The nobody user is an artifact that exists to be used by the Network File System (NFS) in a very specific situation. For those unfamiliar with it, NFS allows you to access files located in a remote host transparently, pretty much as if they were local objects. This is achieved through a userland client (sometimes supported by a kernel module, others operating entirely in userland) that makes RPC calls to an NFS daemon on the server side. When a user accesses a file provided over NFS, the daemon receives an RPC call that contains the name and handle of the file along with the user UID and GID that is placing the request. The credentials are used in determining access rights, and both UID and GID must be the same on the client and server hosts. Reconciling different UID and GID on the client and server for the same user could be problematic, and that’s why NFS used to rely on a different service (rpc.ugidd) to do the mapping.

If you pause and think about this whole UID/GID mapping between NFS client and server you’ll soon realize that root (UID 0) on one machine will be automatically mapped to root on the other machine. In other words, superusers on a client machine will have superuser access to your exported directories. Whether this may or may not be a security issue is totally up to you, but it is a case that cannot be ignored. That’s exactly why the NFS daemon can be launched with an option called root_squash. If enabled, any NFS access attempt coming from UID 0 will be automatically mapped to an artificial user with UID 65534, historically named nobody, which is an untrusted account. This, and no other, is the fundamental reason why the nobody user account exists.

NFS can also use the nobody account when the credentials provided by the client are not trusted, but the underlying security principle is the same. Incidentally, if you are interested in knowing why NFS has been such a wonderful source of opportunities and headaches (depending on which color you play), I recommend you to start with Why NFS Sucks.

Only recently I learned that there is at least one other use case for the UID 65534. When systemd-nspawn is launched with bind mounts and the --private-users option, the resulting mount points are owned by nobody because the real owners do not exist in the container (see this).

Running daemons with least privilege

The original purpose of nobody is often confused with another famous system account: daemon (id 1). The daemon user id was introduced to give unprivileged daemons (i.e., daemons that do not run as root) restricted access to the system. Running a service as daemon was a strategy to limit the potential harm caused by an attacker who gained control over it, as described for example in the AIX manual. This approach is definitely an application of the principle of least privilege, though the implementation is not very solid here because running multiple daemons under the same UID creates a whole different set of threats—for example, it makes all of them vulnerable if just one of them is compromised. For this reason, more security conscious daemons should run under their own dedicated UID and GID. This not only limits the damage caused by a daemon's misbehavior, but also isolates daemons from each other. In doing so we follow another of Saltzer and Schroeder's principles—least common mechanism, or compartmentalization.

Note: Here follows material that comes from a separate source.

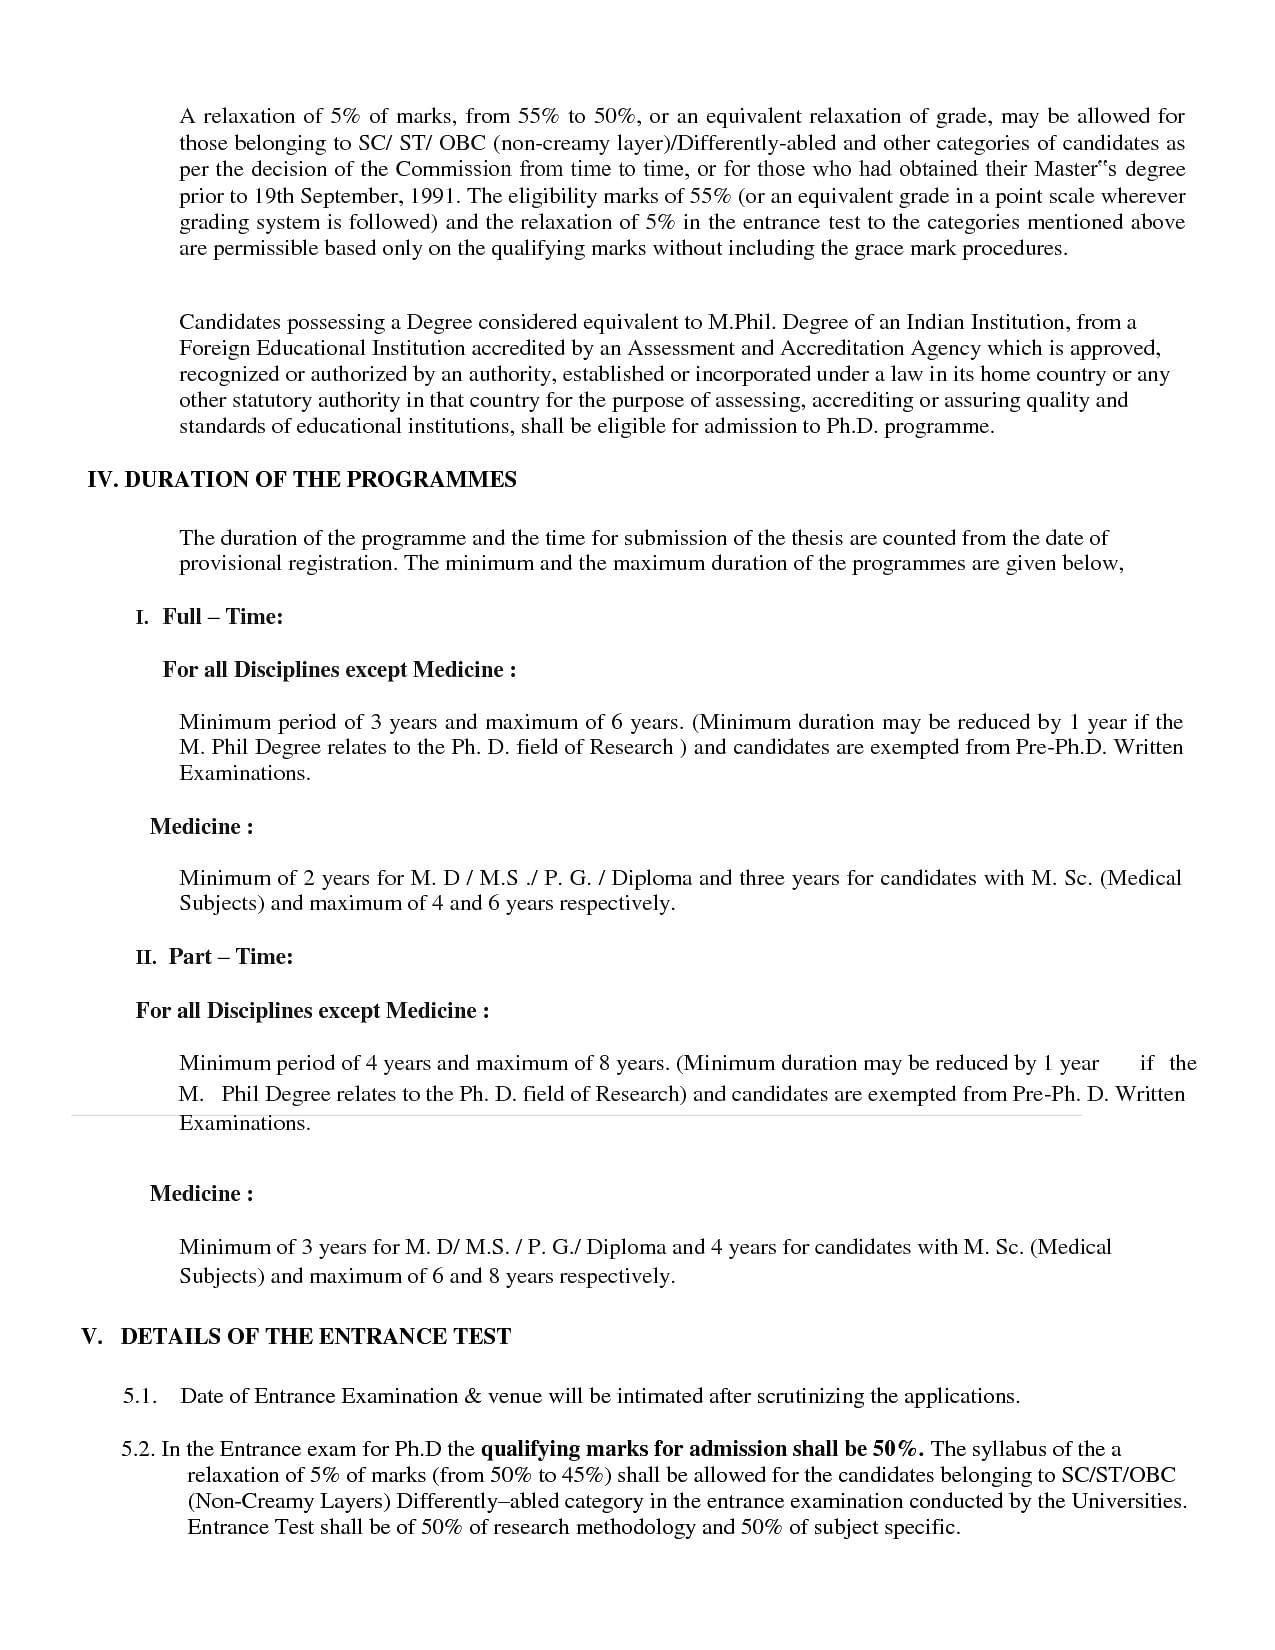 Vinayaka mission university - Courses, Admission, Fees

From time to time I come across someone recommending to use nobody to run an unprivileged daemon (the Wikipedia entry is, again, very misleading in this case). This is bad advice, and it’s arguably a worse decision than running it under daemon.

Dropping root

Least privilege also implies that if a subject needs some elevated privilege only to complete a task, those extra privileges should be relinquished immediately on completion of the task. In some cases, a daemon needs to run as root because otherwise it would not be able to complete some specific privileged action, such as binding to low ports or opening a raw socket. A very good practice in such cases is to isolate the code requiring elevated privileges and, once the goal is accomplished, relinquish root privileges and keep running under a different, unprivileged and dedicated UID and GID. This process is known as dropping root and is executed by calling setuid() and setgid(). The major caveat here is that you need to drop the group before the user and not the other way around. Why? Because setgid() must be run with root privileges, so a prior call to setuid() leaves the EUID as nonzero.

What if the process has some supplementary group IDs in addition to its EGID, and some of those supplementary groups have elevated privileges? You can check it by calling getgroups() and then drop those IDs with setgroups(). The latter requires root (so you need to drop supplementary group IDs before dropping root) and it is not POSIX, although it is present in BSD and Linux systems.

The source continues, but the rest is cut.